National Trends in Ambulatory Asthma Treatment, 1997–2009

  • Ashley Higashi
  • Shu Zhu
  • Randall S. Stafford
  • G. Caleb Alexander
Original Research

Abstract

BACKGROUND

Despite reductions in morbidity and mortality and changes in guidelines, little is known regarding changes in asthma treatment patterns.

OBJECTIVE

To examine national trends in the office-based treatment of asthma between 1997 and 2009.

PARTICIPANTS AND DESIGN

We used the National Ambulatory Care Survey (NAMCS) and the National Disease and Therapeutic Index™ (NDTI), nationally representative audits of office-based physicians, to examine patients diagnosed with asthma less than 50 years of age.

MEASUREMENTS

Visits where asthma was diagnosed and use of six therapeutic classes (short-acting β2 agonists [SABA], long-acting β2 -agonists [LABA], inhaled steroids, antileukotrienes, anticholinergics, and xanthines).

RESULTS

Estimates from NAMCS indicated modest increases in the number of annual asthma visits from 9.9 million [M] in 1997 to 10.3M during 2008; estimates from the NDTI suggested more gradual continuous increases from 8.7M in 1997 to 12.6M during 2009. NAMCS estimates indicated declines in use of SABAs (from 80% of treatment visits in 1997 to 71% in 2008), increased inhaled steroid use (24% in 1997 to 33% in 2008), increased use of fixed dose LABA/steroid combinations (0% in 1997 to 19% in 2008), and increased leukotriene use (9% in 1997 to 24% in 2008). The ratio of controller to total asthma medication use increased from 0.5 (1997) to a peak of 0.7 (2004). In 2008, anticholinergics, xanthines, and LABA use without concomitant steroids accounted for fewer than 4% of all treatment visits. Estimates from NDTI corroborated these trends.

CONCLUSIONS

Changes in office-based treatment, including increased inhaled steroid use and increased combined steroid/long-acting β2-agonist use coincide with reductions in asthma morbidity and mortality that have been demonstrated over the same period.
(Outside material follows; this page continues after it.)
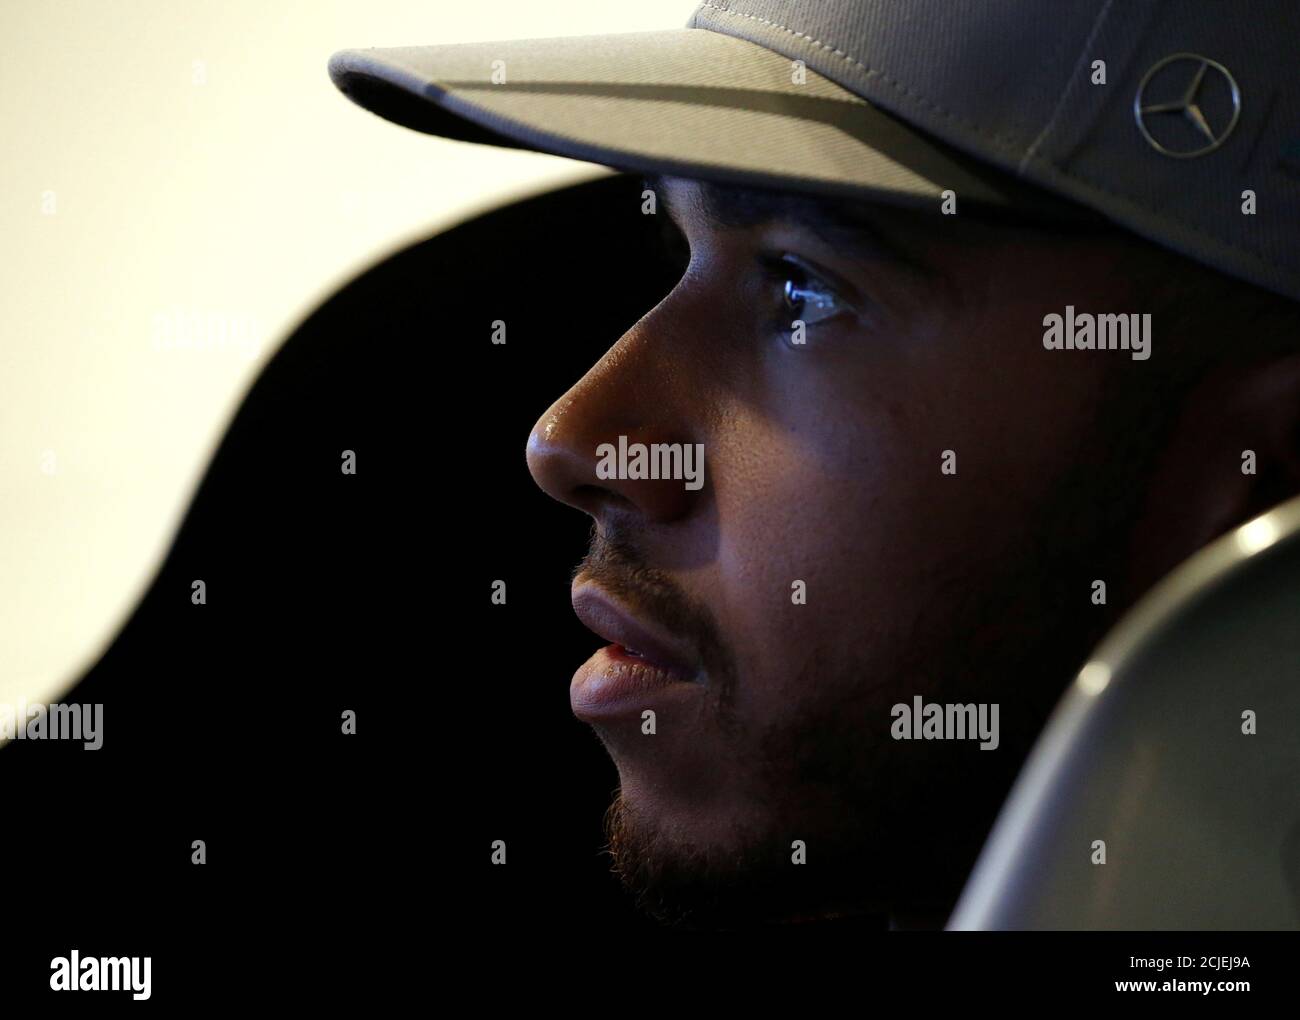 Mercedes' Lewis Hamilton of Britain sits in a driving simulator at a publicity event ahead of the Singapore F1 Grand Prix Night Race in Singapore September 14, 2016. REUTERS/Edgar Su TPX IMAGES OF THE DAY Stock Photo

Xanthines, anticholinergics, and increasingly, LABA without concomitant steroid use, account for a very small fraction of all asthma treatments.

KEY WORDS

primary care respiratory disease pharmacotherapy 

Notes

Acknowledgements

The statements, findings, conclusions, views, and opinions contained and expressed in this article are based in part on data obtained under license from the following IMS Health Incorporated information service(s): National Disease and Therapeutic Index™ (1997–2009), IMS Health Incorporated. All Rights Reserved. The statements, findings, conclusions, views, and opinions contained and expressed herein are not necessarily those of IMS Health Incorporated or any of its affiliated or subsidiary entities.

Support

Dr. Alexander is supported by the Agency for Healthcare Research and Quality (K08 HS15699-01A1; RO1 HS0189960) and the Robert Wood Johnson Physician Faculty Scholars Program. The funding sources had no role in the design and conduct of the study, analysis or interpretation of the data; and preparation of final approval of the manuscript prior to publication.

Contributions

Conception and design: GCA and RSS; Analysis and interpretation: ASH, SZ, GCA, and RSS; Manuscript drafting: GCA; Substantive manuscript revision: ASH, SZ, GCA, and RSS; Approval of final manuscript: ASH, SZ, GCA, and RSS; Study supervision: GCA

Conflicts of Interest

Dr. Alexander is a consultant for IMS Health.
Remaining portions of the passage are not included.